Eigenvalues of powers of linear mappings

Question

Let $\tau$ be a linear map on a finite dimensional complex vector space. Clearly, if $\lambda$ is an eigenvalue of $\tau$ then $\lambda^n$ is an eigenvalue of $\tau^n$, for any natural (integer, on condition $\tau$ is invertible) number $n$. It easily follows from Jordan theorem, that every eigenvalue of $\tau^n$ has to be of the form $\lambda^n$.

I have to convince students who have only basic knowledge about linear algebra that the above statement is true.
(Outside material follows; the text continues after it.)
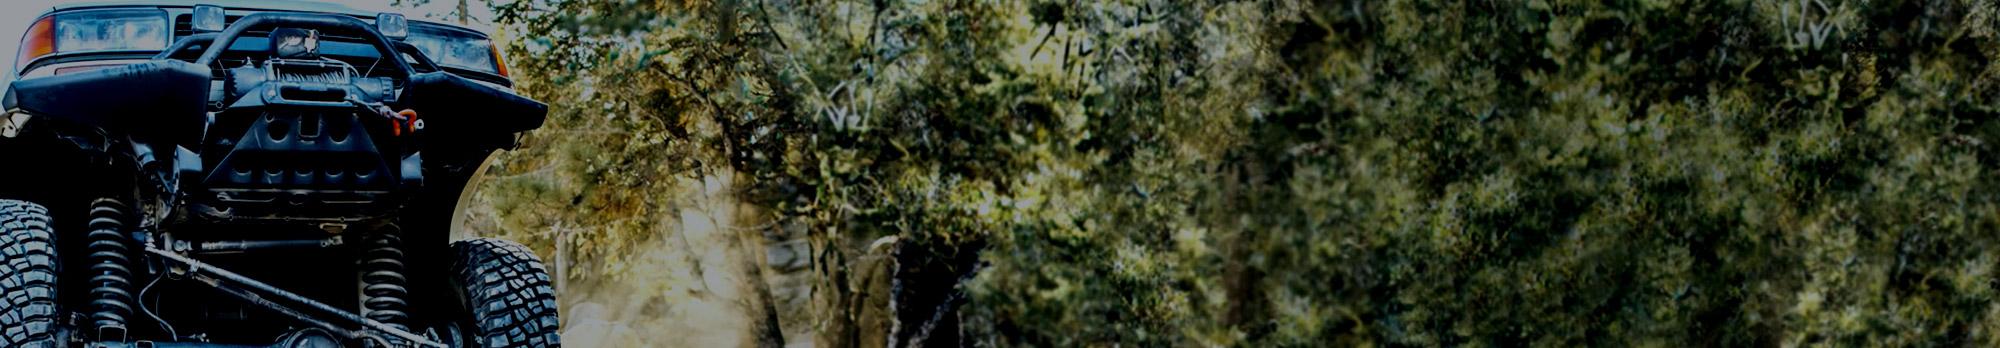 bfgoodrich promo banner background
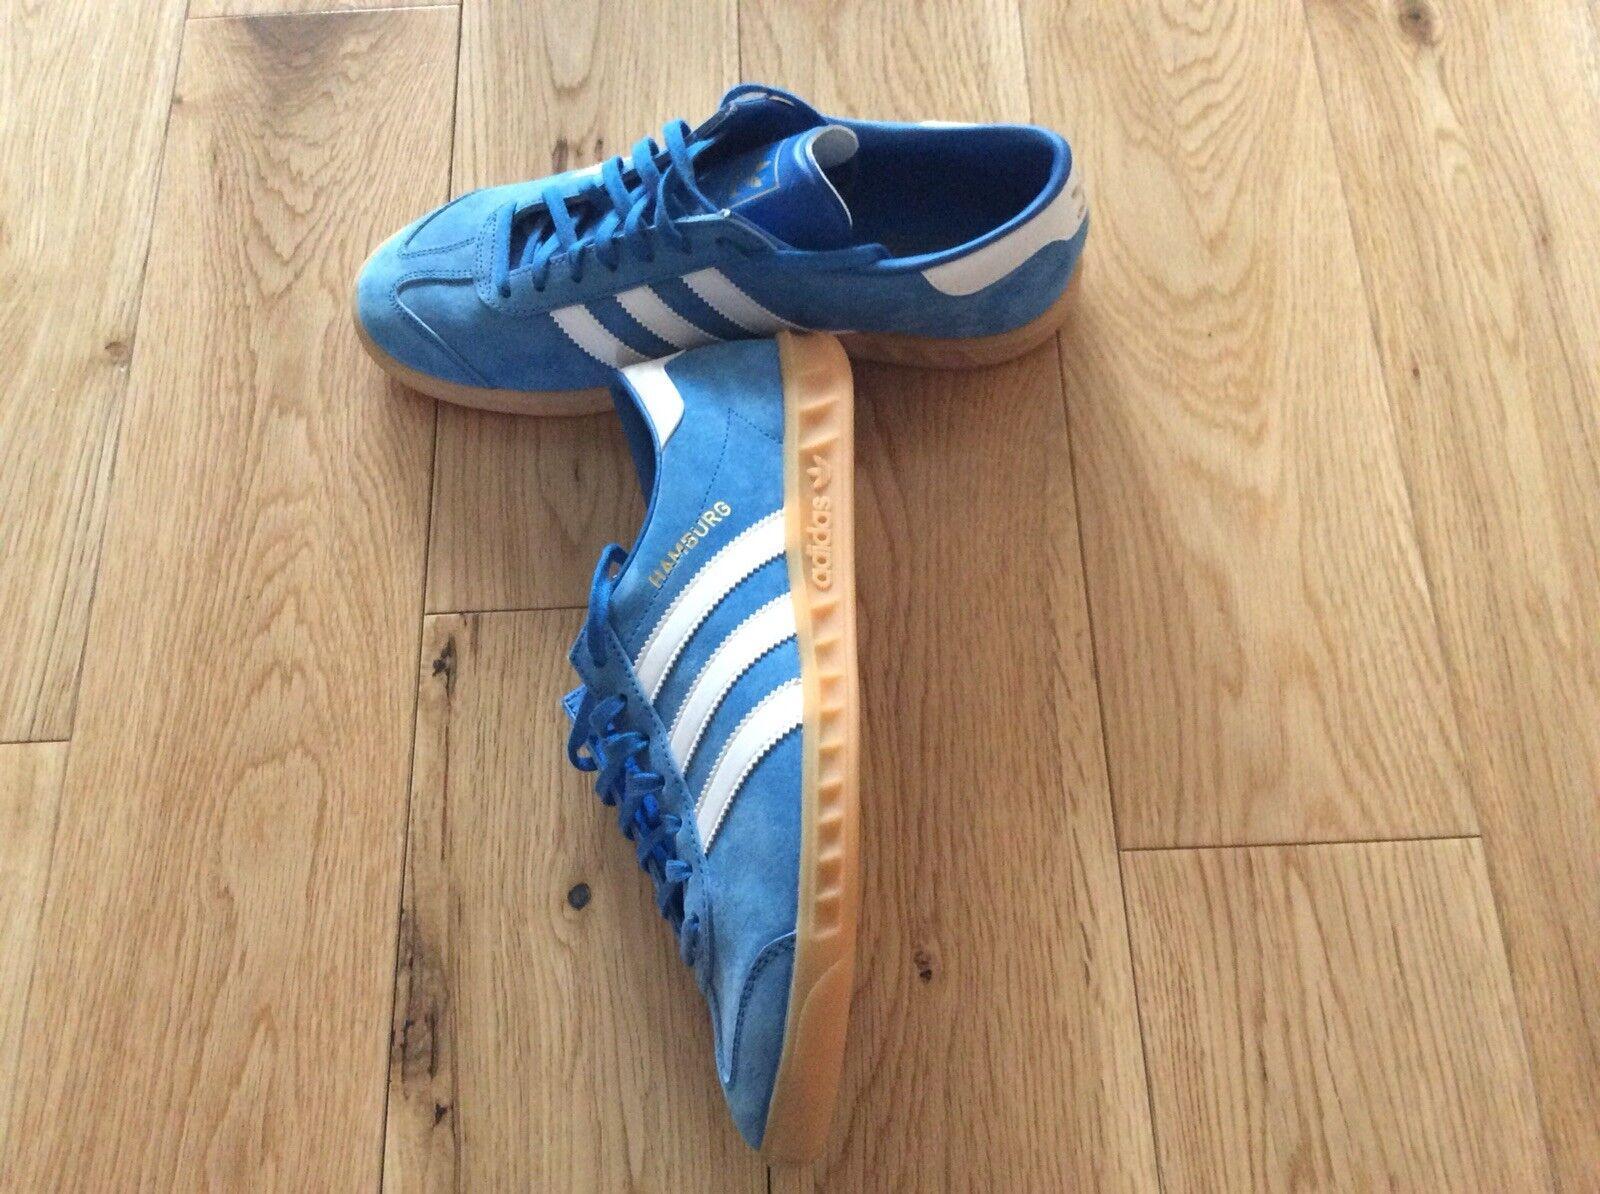 Adidas Amburgo Uomo Scarpe da ginnastica, UK taglia 8, Blu, condizioni eccellenti Scarpe classiche da uomo

Is there any elementary explanation of this fact without using Jordan theorem?

Answer 1

Perhaps you can use: $$\det(\lambda - \tau^n) = \det((-1)^n\prod_{\omega_i:\text{ nth roots of } \lambda} \omega_i - \tau)= (-1)^n\prod_{\omega_i:\text{ nth roots of } \lambda} \det(\omega_i - \tau) $$ by the multiplicativity of the determinant. This righthand side is only zero if for an $i$ $$\det(\omega_i - \tau)=0$$

Answer 2

While I agree with the above comments and answers, here is one more approach that may be a little more low-tech. There is an invertible matrix $A$ such that, $\tau = AUA^{-1}$ where $U$ is upper triangular and $A$ is a product of determinant 1 elementary matrices. The eigenvalues for $U$ are the entries along the diagonal. Also, $\tau^n = AU^n A^{-1}$ and $U^n$ remains upper triangular and it's eigenvalues are in 1-1 correspondence with the nth powers of the eigenvalues for $U$.

The last time I taught linear algebra, we dealt with the matrix $A$ when showing that if $0$ is an eigenvalue for $\tau$, $det(\tau)=0$, so there's a chance it would be a little familiar to your students.

Answer 3

The only gap in Piotr Migdal's answer is the fact that for every eigenvalue $\lambda$ of $A^n$, there is a $\lambda$-eigenvector of $A^n$ which is an eigenvector of $A$. Here is a proof. Let $\lambda$ be an eigenvalue of $A^n$. Let $U$ be the set of all $\lambda$-eigenvectors of $A^n$ (and $0$). It is a subspace. If $A^nv=\lambda v$, then $A^n Av=AA^n v=\lambda Av$, so $AU\subseteq U$. Then $A$ has an eigenvector $u$ in $U$. The end of the proof is as in Migdal's answer. Let $\lambda$ be an eigenvalue of $A^n$. Then (by the above) there exists a non-zero vector $v$ such that $A^nv=\lambda v$ and $Av=\mu v$ for some $\mu$. Then $A^n v=\mu^nv=\lambda v$, so $\lambda=\mu^n$ - every eigenvalue of $A^n$ is the $n$th power of an eigenvalue of $A$.

Comment This proof does use the Fundamental Theorem of algebra: we need to know that every subspace invariant under $A$ contains an eigenvector of $A$. For non-algebraically closed fields, the result is not true of course.

Answer 4

For $v$ being an eigenvector $A v = \lambda v$ we get $$A^n v = A^{n-1} \lambda v = A^{n-2} \lambda^2 v = \ldots = \lambda^n v.$$ Any it holds for any linear operator, not only for your map.

For the converse, you can take a n-th root of an operator using analytic functions, and it maps eigenvalues to their roots.